_Task requirements:_ What are the lines below, starting at the line containing "Women Smocked Waist" and ending at the line containing "Hotel Seeblick Website Übersicht Devices"? Write them out exactly, ends included, without pictures.

_Supplied records:_

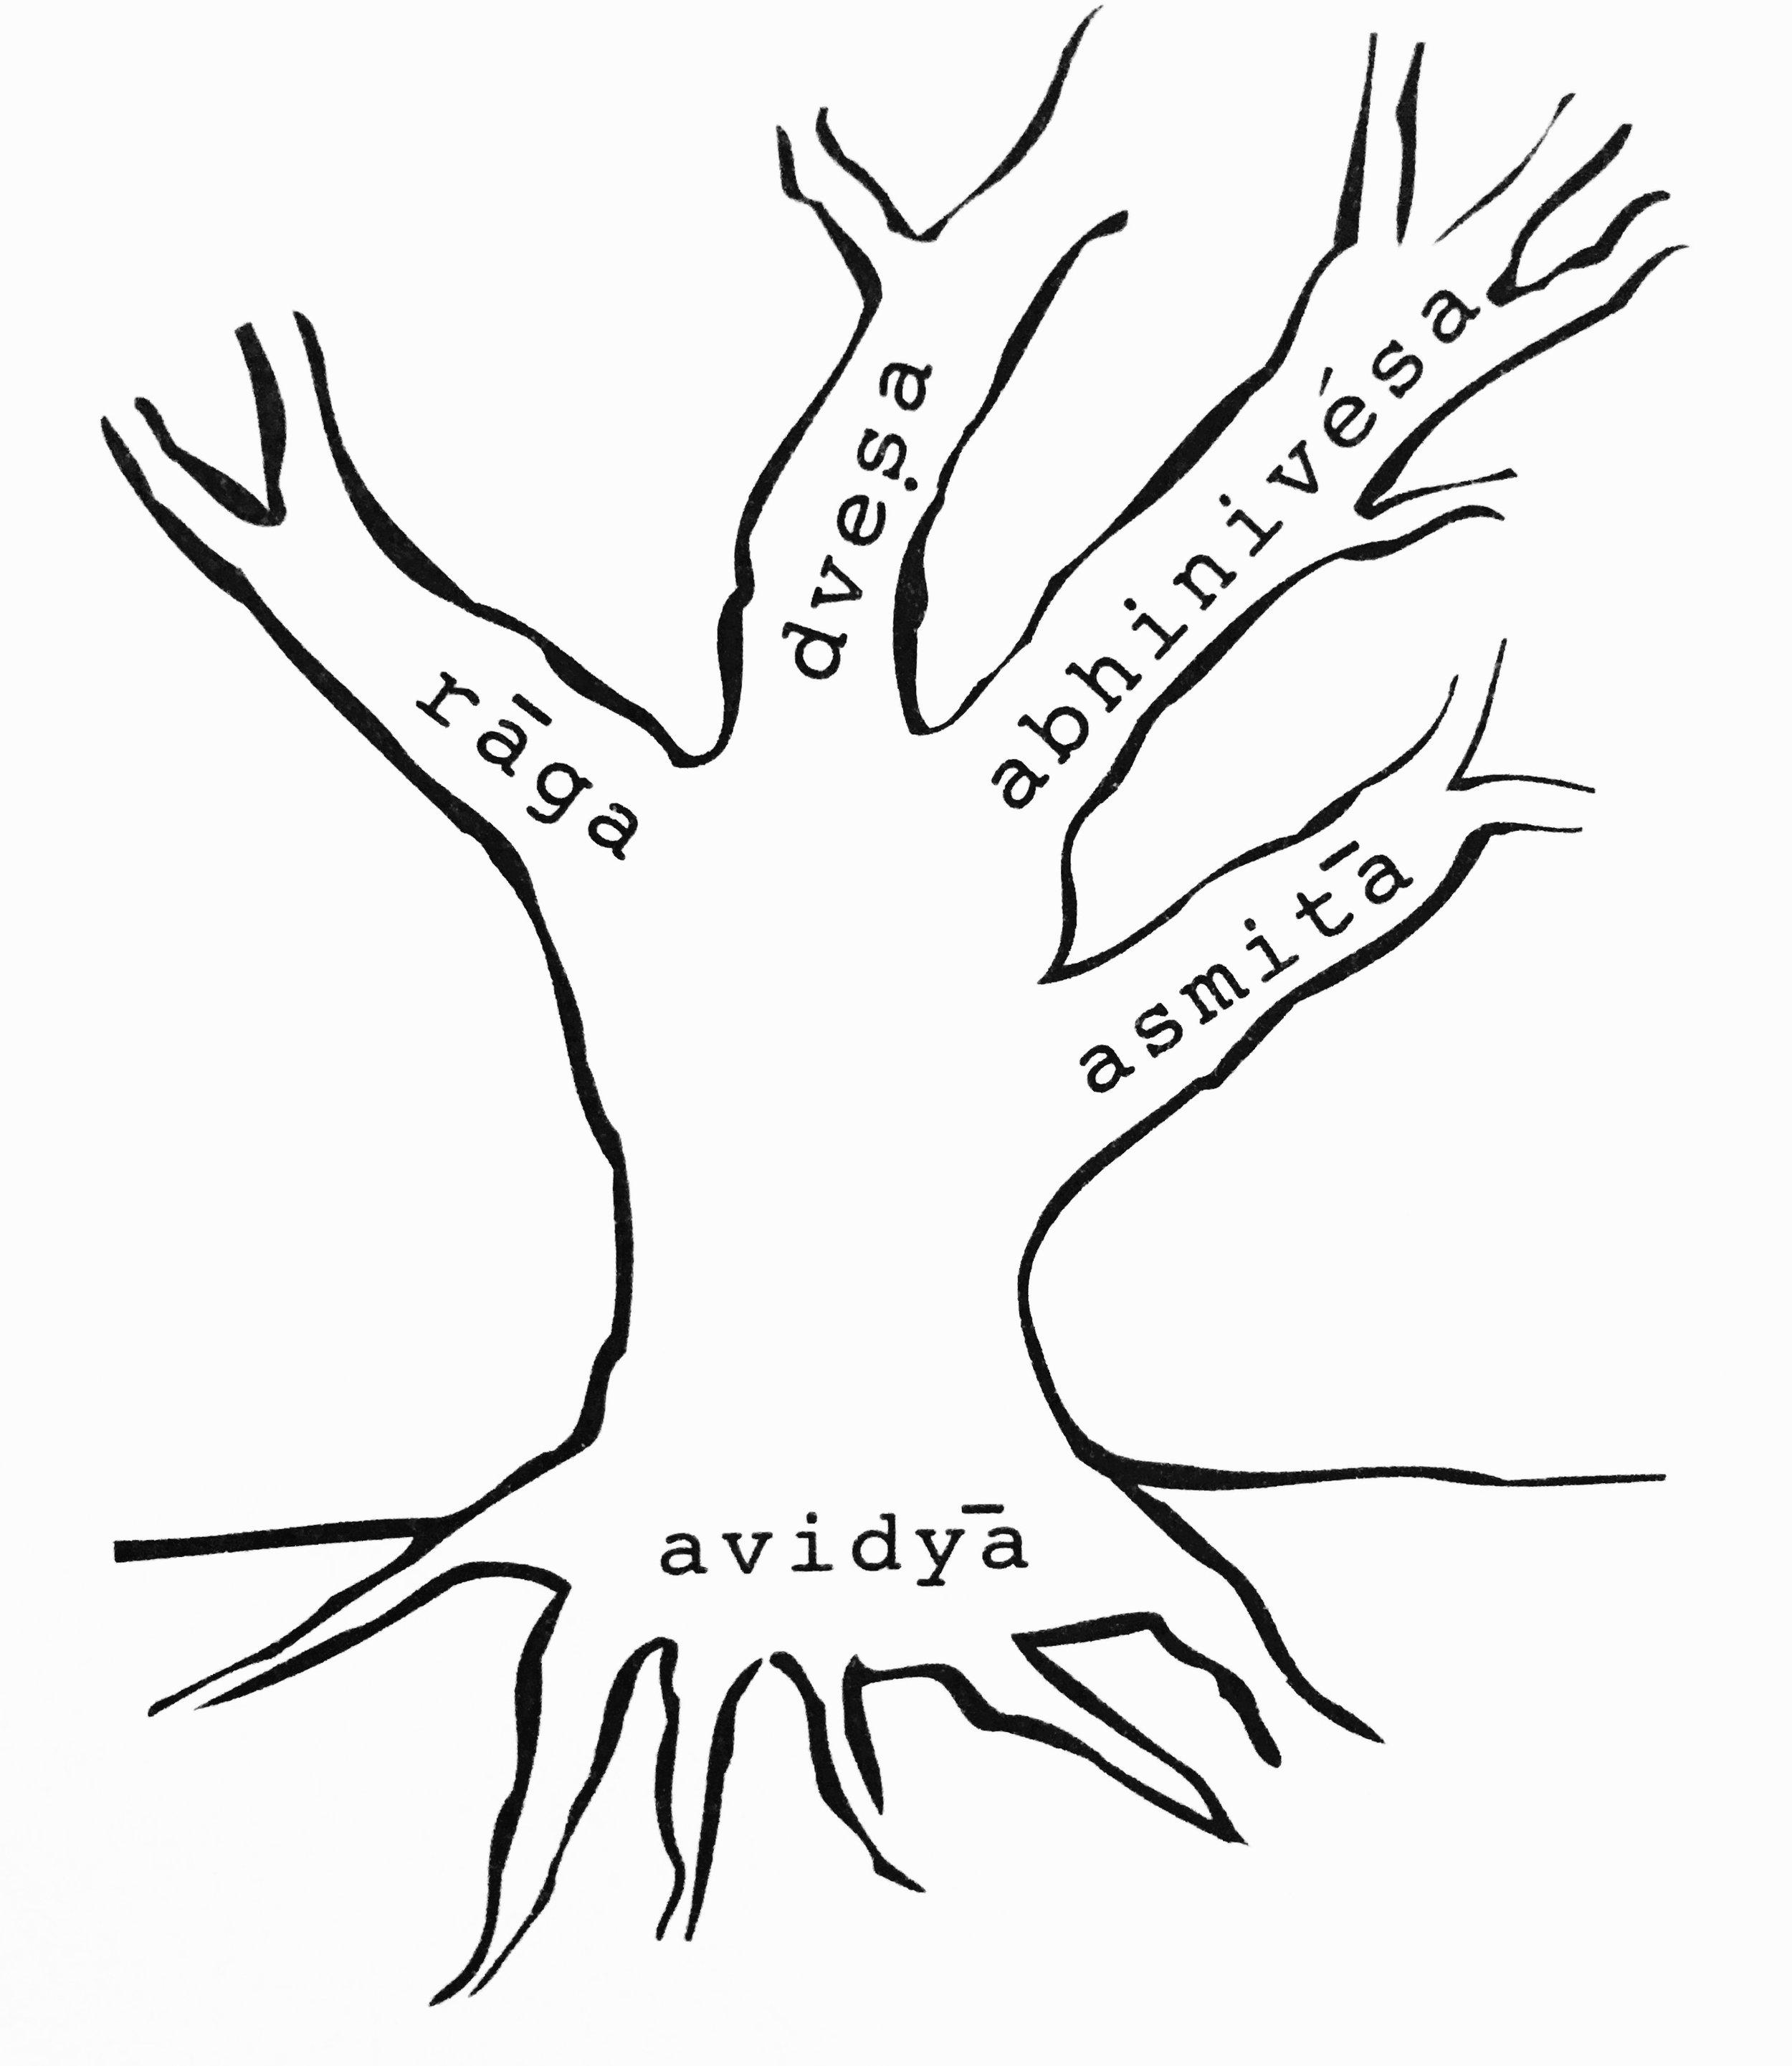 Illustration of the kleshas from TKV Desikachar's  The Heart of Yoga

==

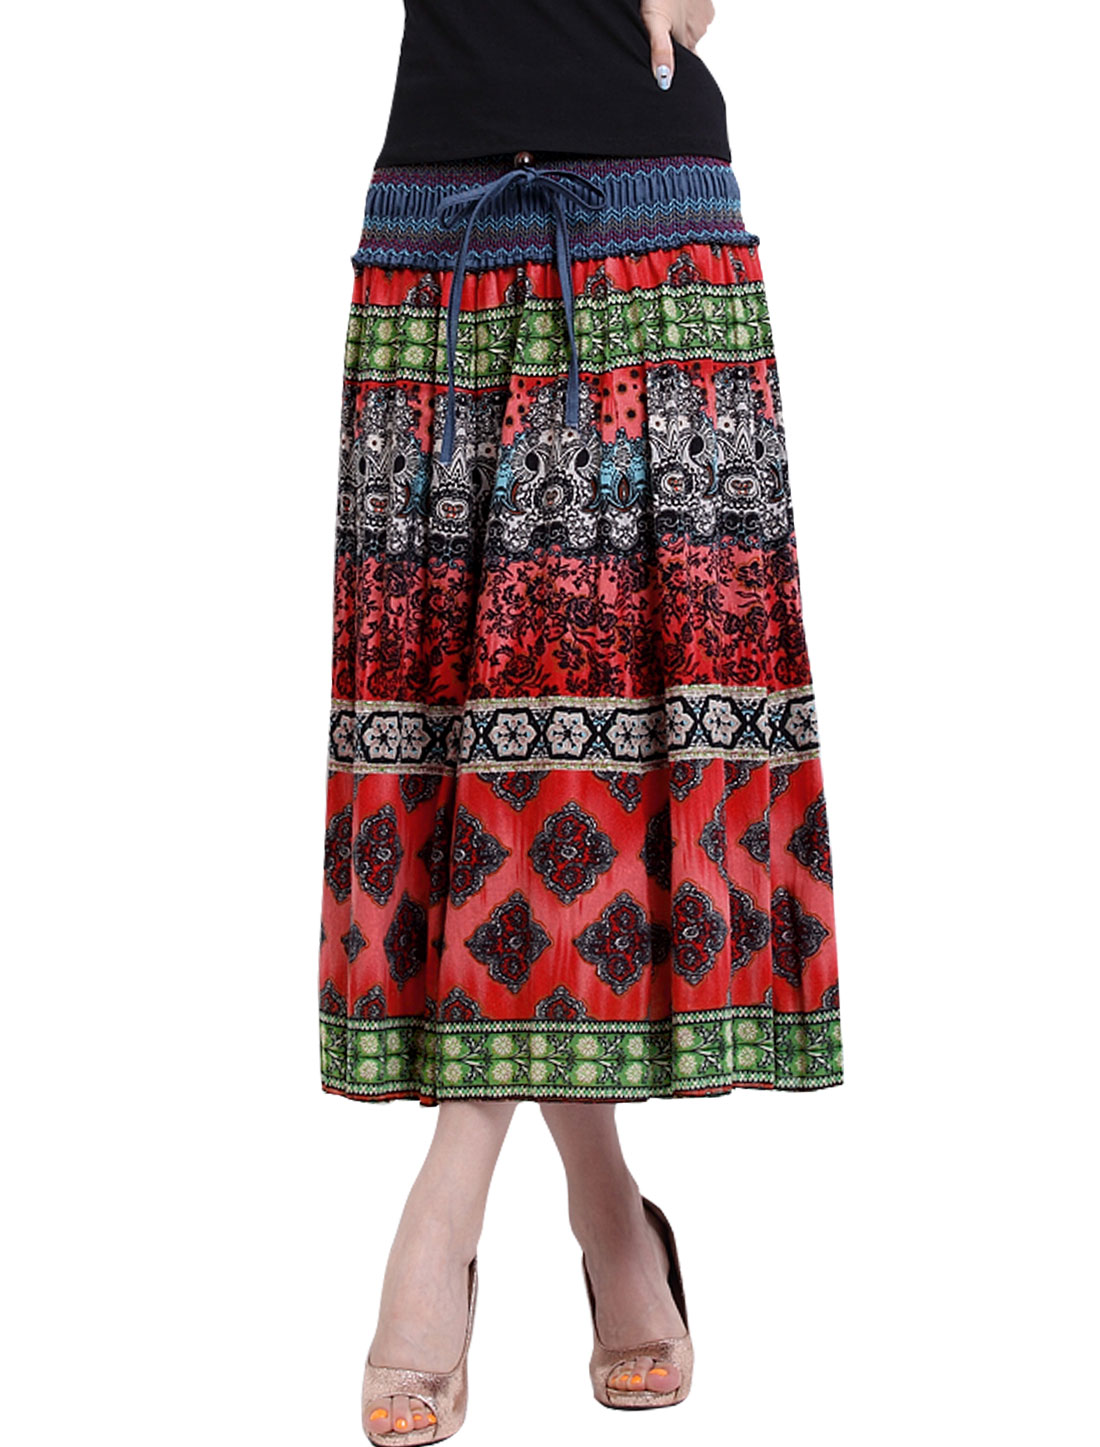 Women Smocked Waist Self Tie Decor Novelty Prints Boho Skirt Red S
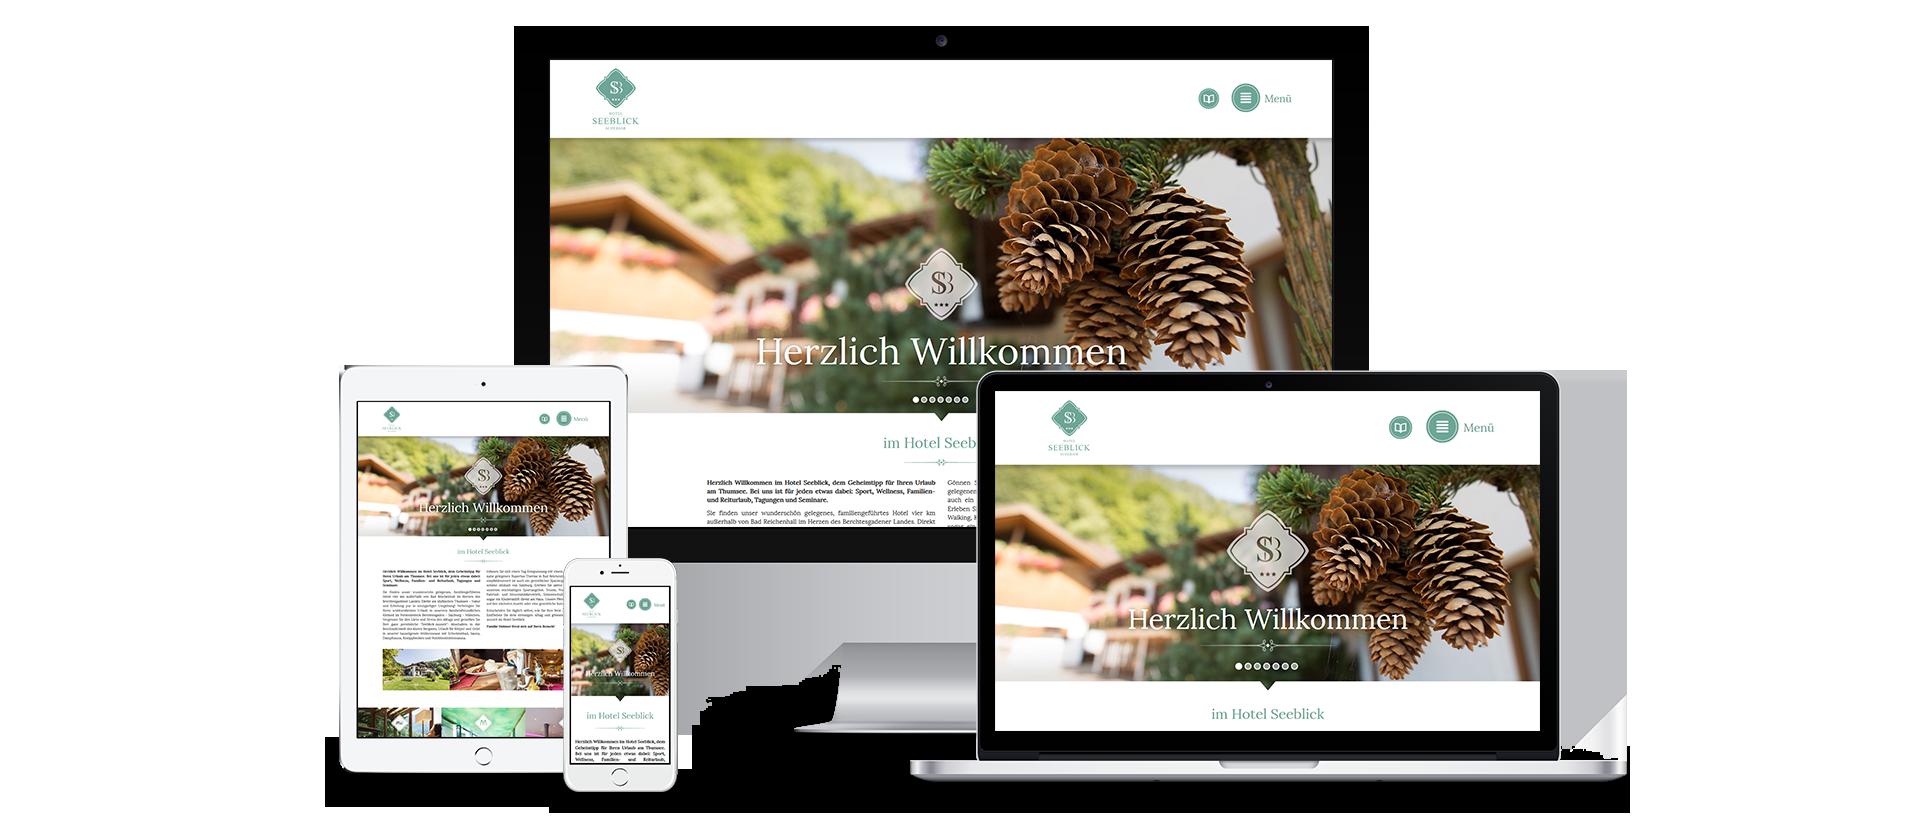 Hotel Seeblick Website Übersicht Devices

_Solved exercise:_
 Women Smocked Waist Self Tie Decor Novelty Prints Boho Skirt Red S
 Hotel Seeblick Website Übersicht Devices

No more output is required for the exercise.